K2 is an advanced large language model (LLM) by LLM360, produced in partnership with MBZUAI and Petuum. This model, dubbed K2-65B, comprises 65 billion parameters and is completely reproducible, meaning that all components, including the code, data, model checkpoints, and intermediate results, are open-source and available to anyone. The main aim of this level of transparency is to clarify the training recipe used for similar models, like Llama 2 70B – enabling a better understanding of the development process and performance metrics.
The creation of K2 was a combined effort amongst several notable institutions, including MBZUAI, Petuum, and LLM360. This collaboration capitalized on the institutions’ expertise as well as their resources to create an advanced language model recognized for its performance and transparency. This model is accessible under the Apache 2.0 license, allowing widespread use and further development by the technological community.

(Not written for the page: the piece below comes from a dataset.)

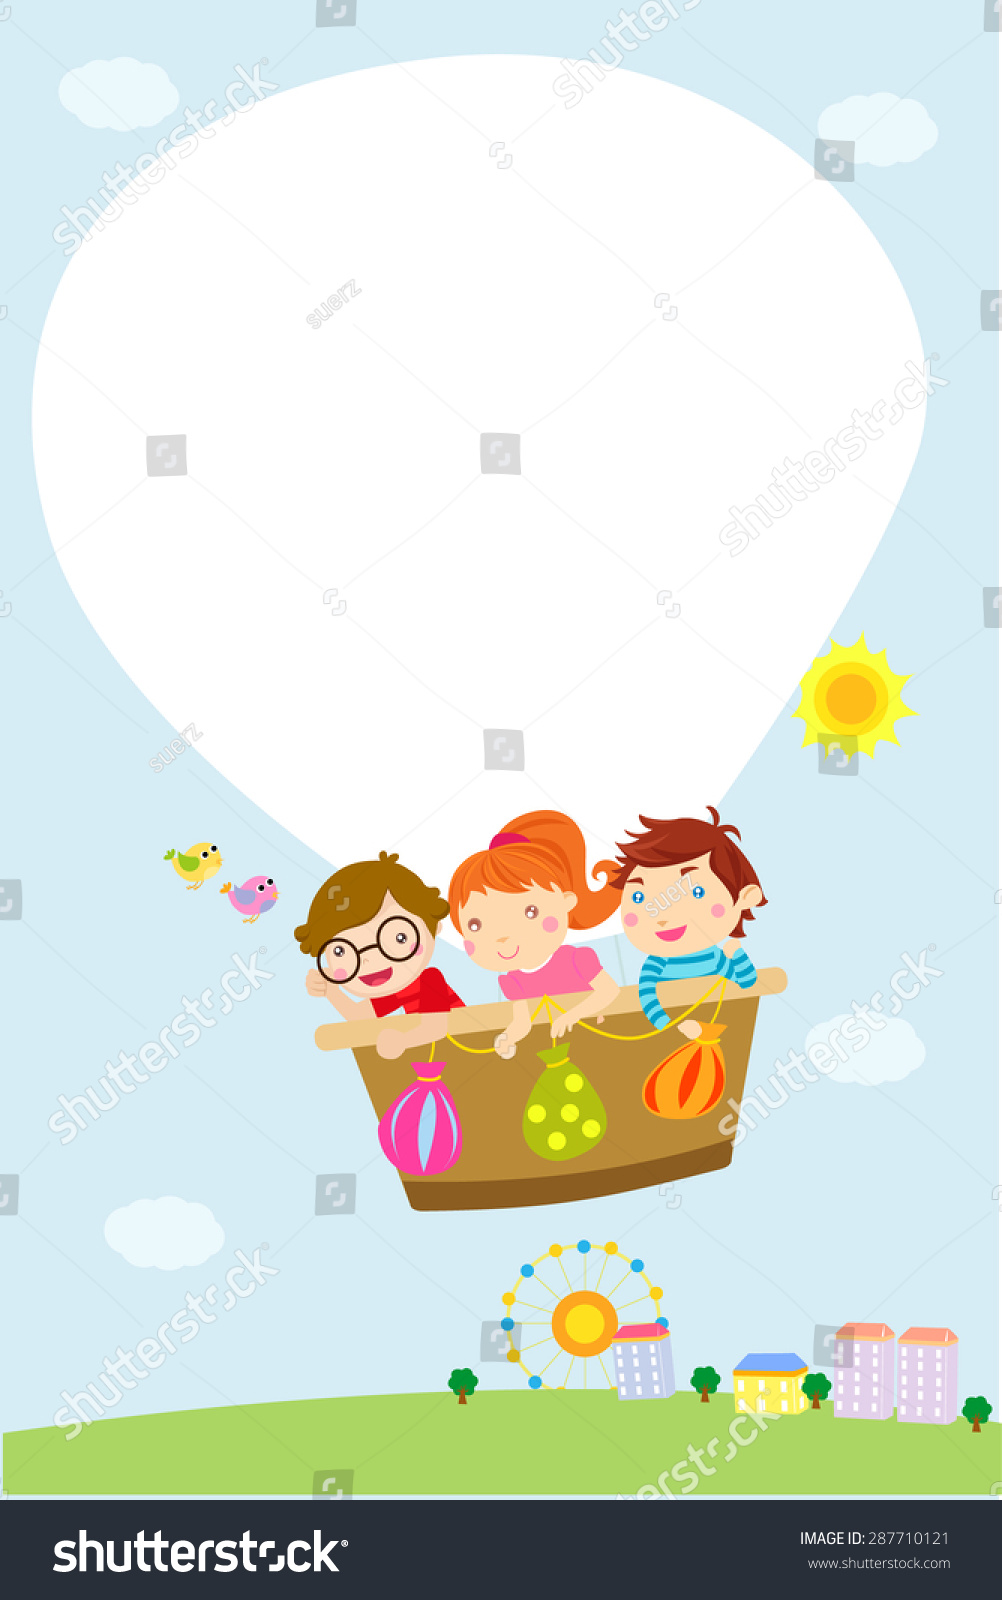 Kids Hot Balloon Frame Stock Vector Royalty Free 287710121

LLM360 has provided a comprehensive set of evaluations for K2, both general and domain-specific benchmarks. These evaluations span medical, mathematical, and coding knowledge, guaranteeing that the model excels over a diverse range of tasks and domains. The LLM360 Performance and Evaluation Collection, along with the K2 Weights and Biases project, provide an in-depth analysis of K2’s operation.
K2’s training utilized a variety of datasets to achieve results that could rival that of the Llama 2 70B model. The training process comprised two stages, making full use of datasets such as dm-math, PubMed-abstracts, uspto, among others – a total of 1.3 trillion tokens. This comprehensive data mix led to K2 achieving a wide-ranging understanding and ability over various topics and languages.

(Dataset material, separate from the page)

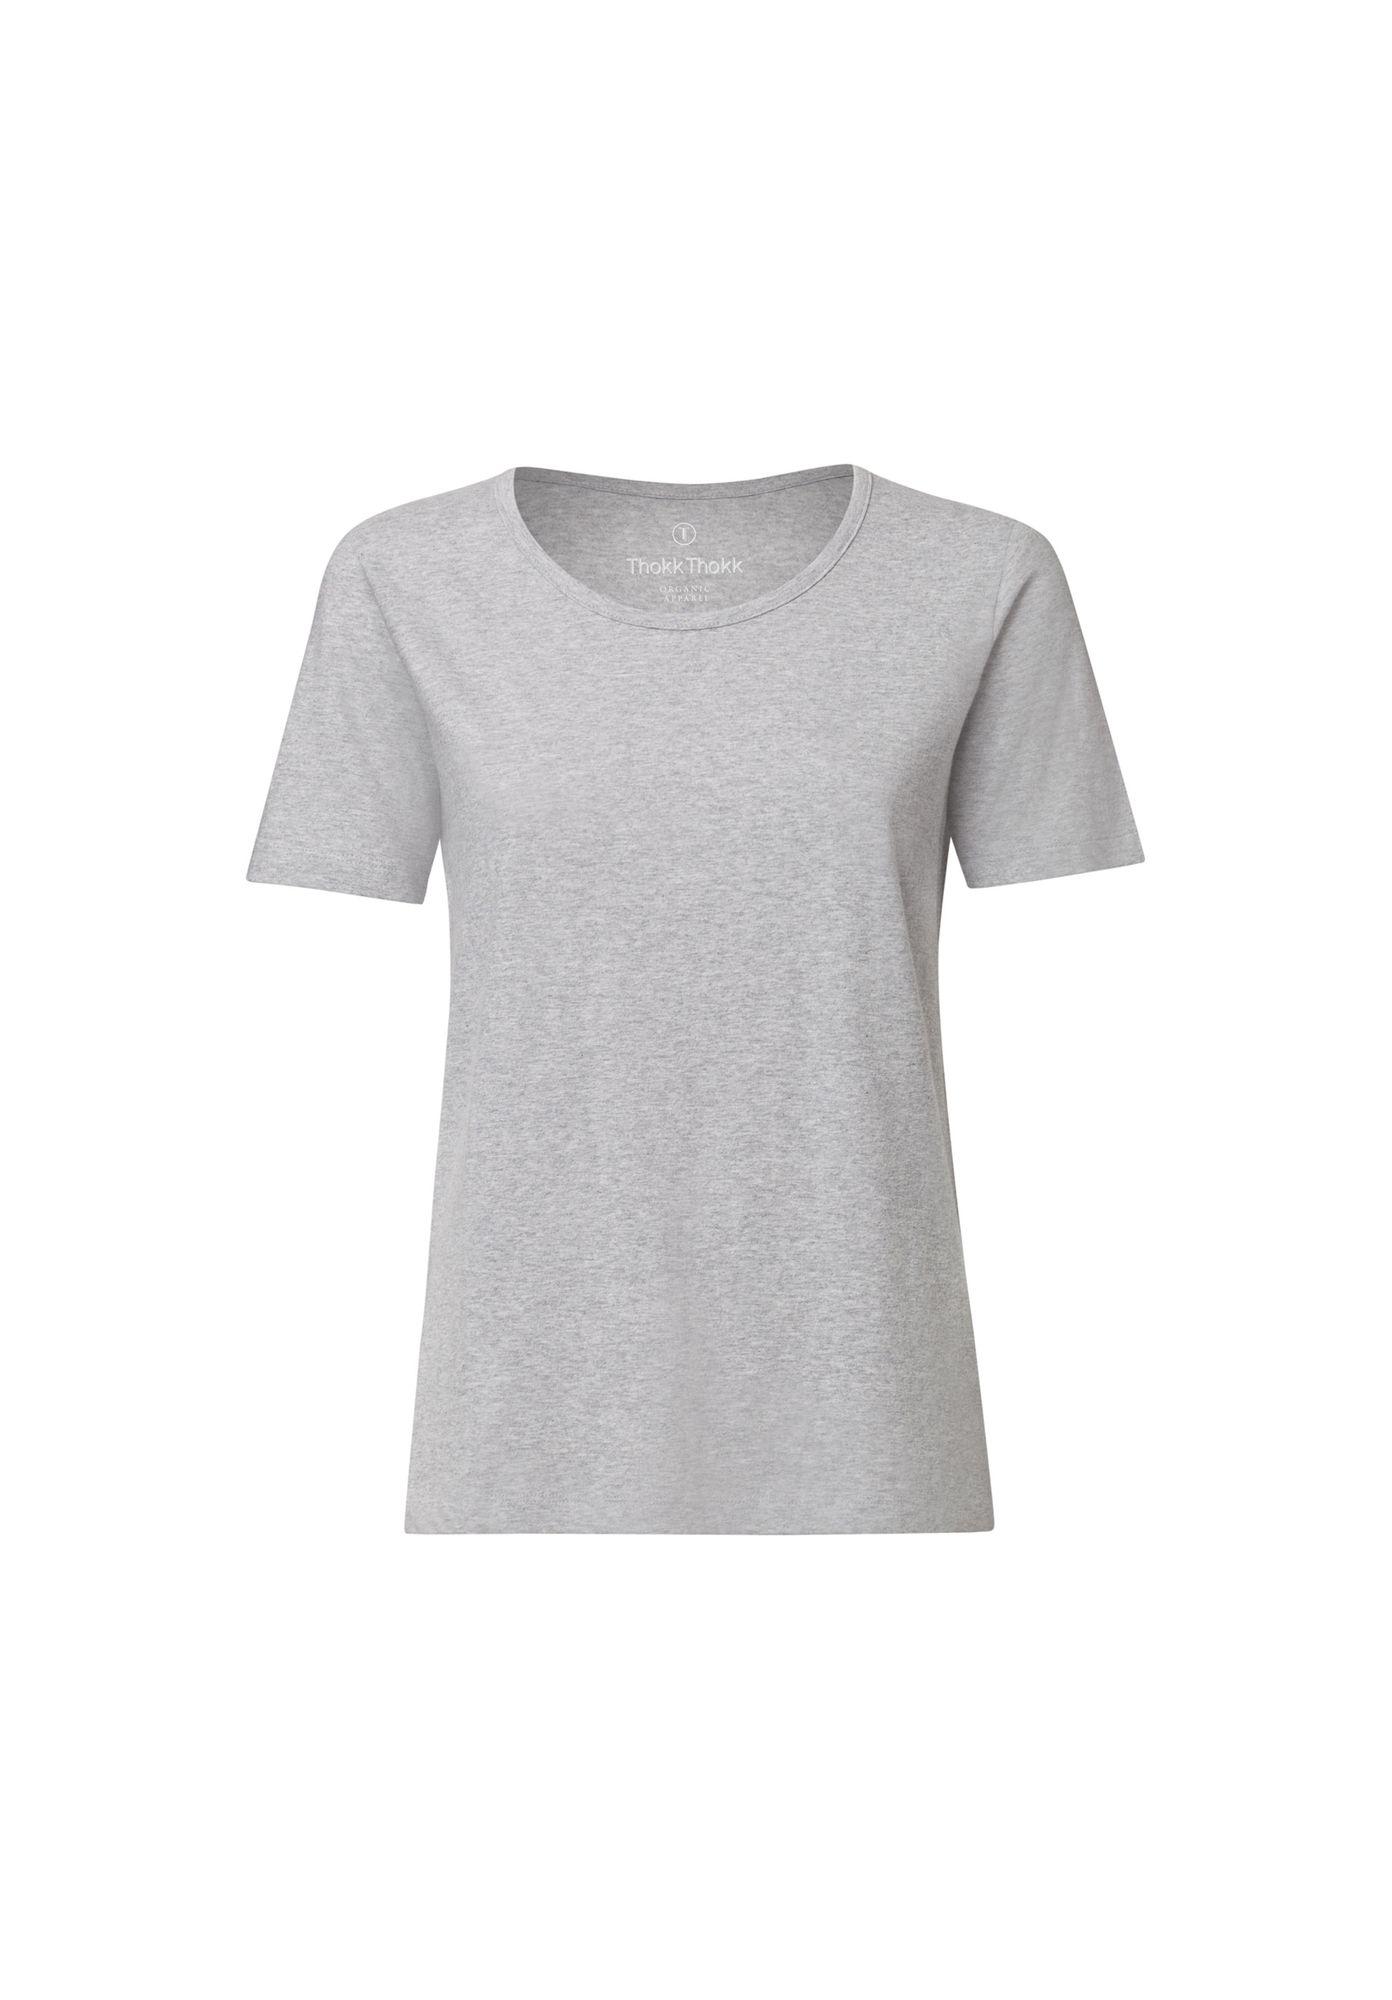 TT64 T-Shirt Grey Melange

LLM360 has made K2’s intermediate checkpoints accessible, permitting researchers and developers to monitor the model’s gradual development and enhancement over time. This provision forms part of K2’s fully reproducible feature, enhancing transparency and driving further research and developmental strides. Tutorials for replicating the pretraining and finetuning process are also offered, beneficial to academic and industry researchers alike.

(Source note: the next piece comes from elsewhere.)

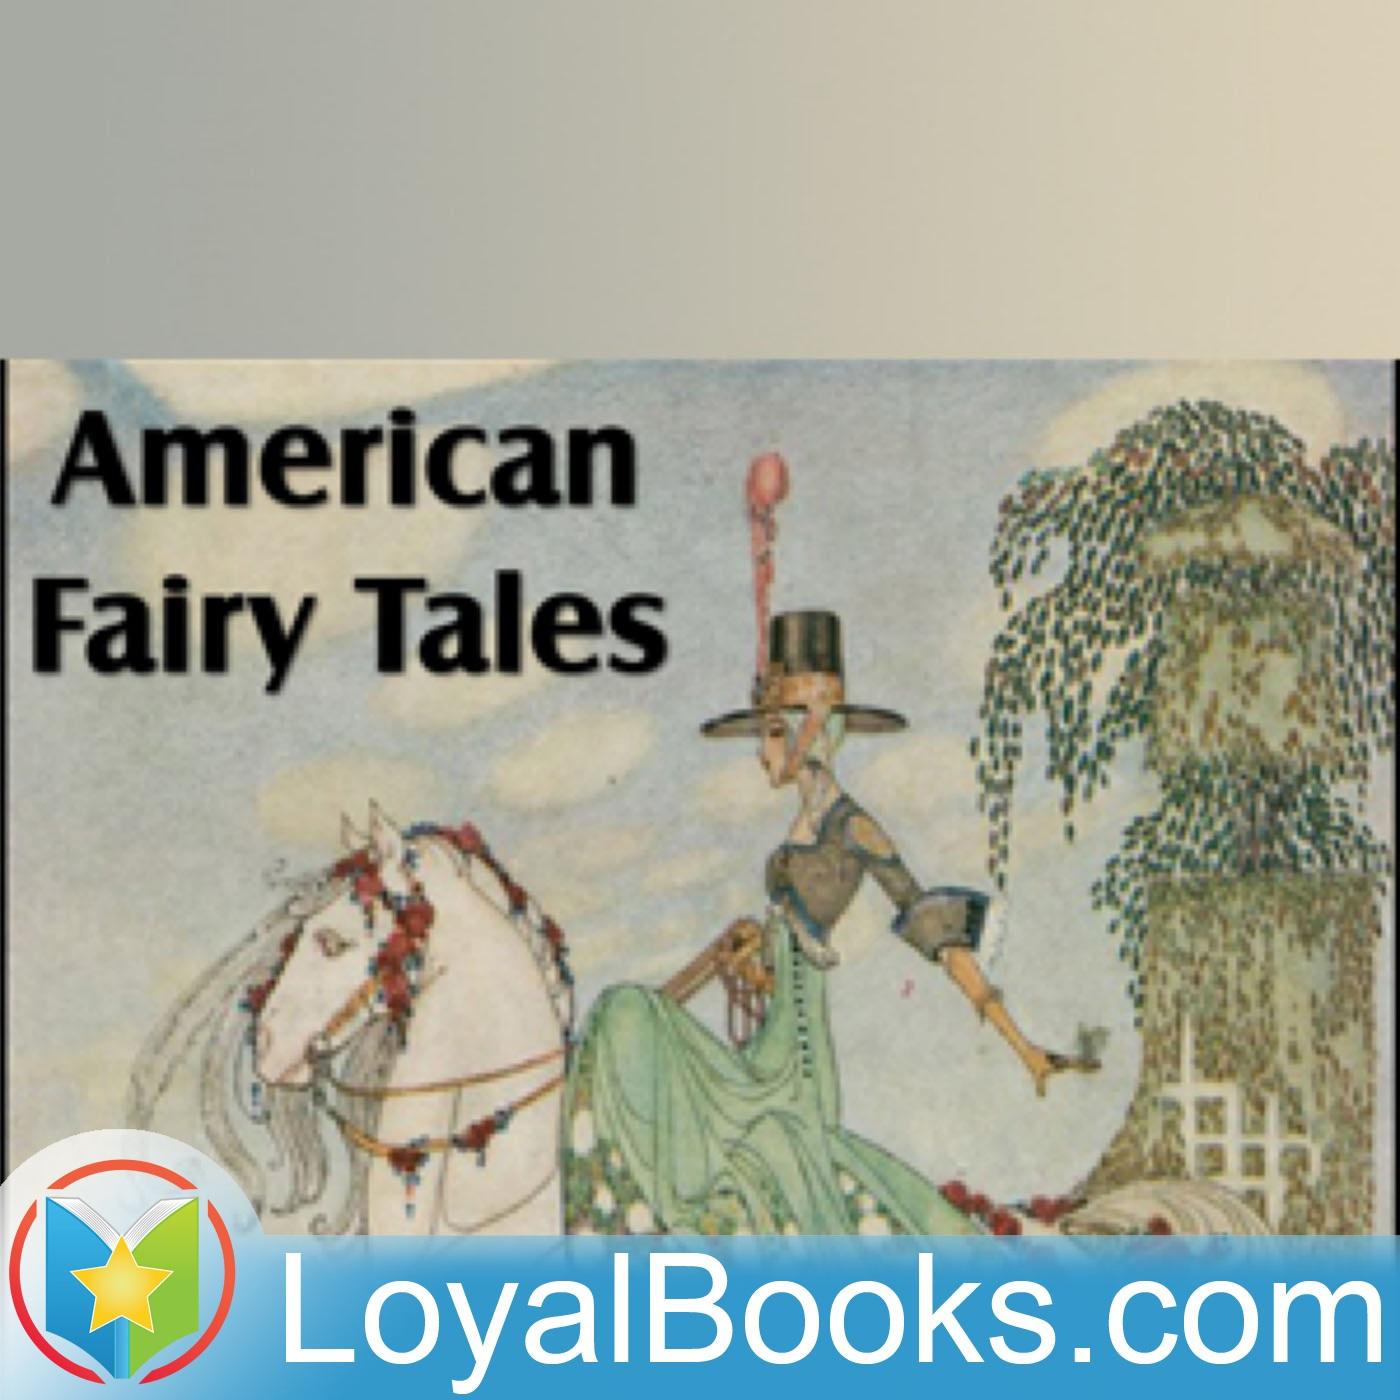 <![CDATA[American Fairy Tales by L. Frank Baum]]>

Furthermore, LLM360 is an open research lab promoting community-owned artificial general intelligence (AGI) through open-source large model research and development. Their goal is to create an open ecosystem with equitable computational resources, high-quality data, and a steadily advancing body of technical knowledge to ensure ethical AGI development that is accessible to all. The overarching ambition of LLM360 is to boost innovators by elevating the capabilities of large language models while encouraging a collaborative environment for research and development.
In conclusion, K2 by LLM360 offers transparency, high-level performance, and a robust development framework. By promoting open-source collaboration and broad evaluation, K2 establishes a new benchmark for LLM development. It is ensuring ethical practices and broad accessibility for future innovations in artificial intelligence.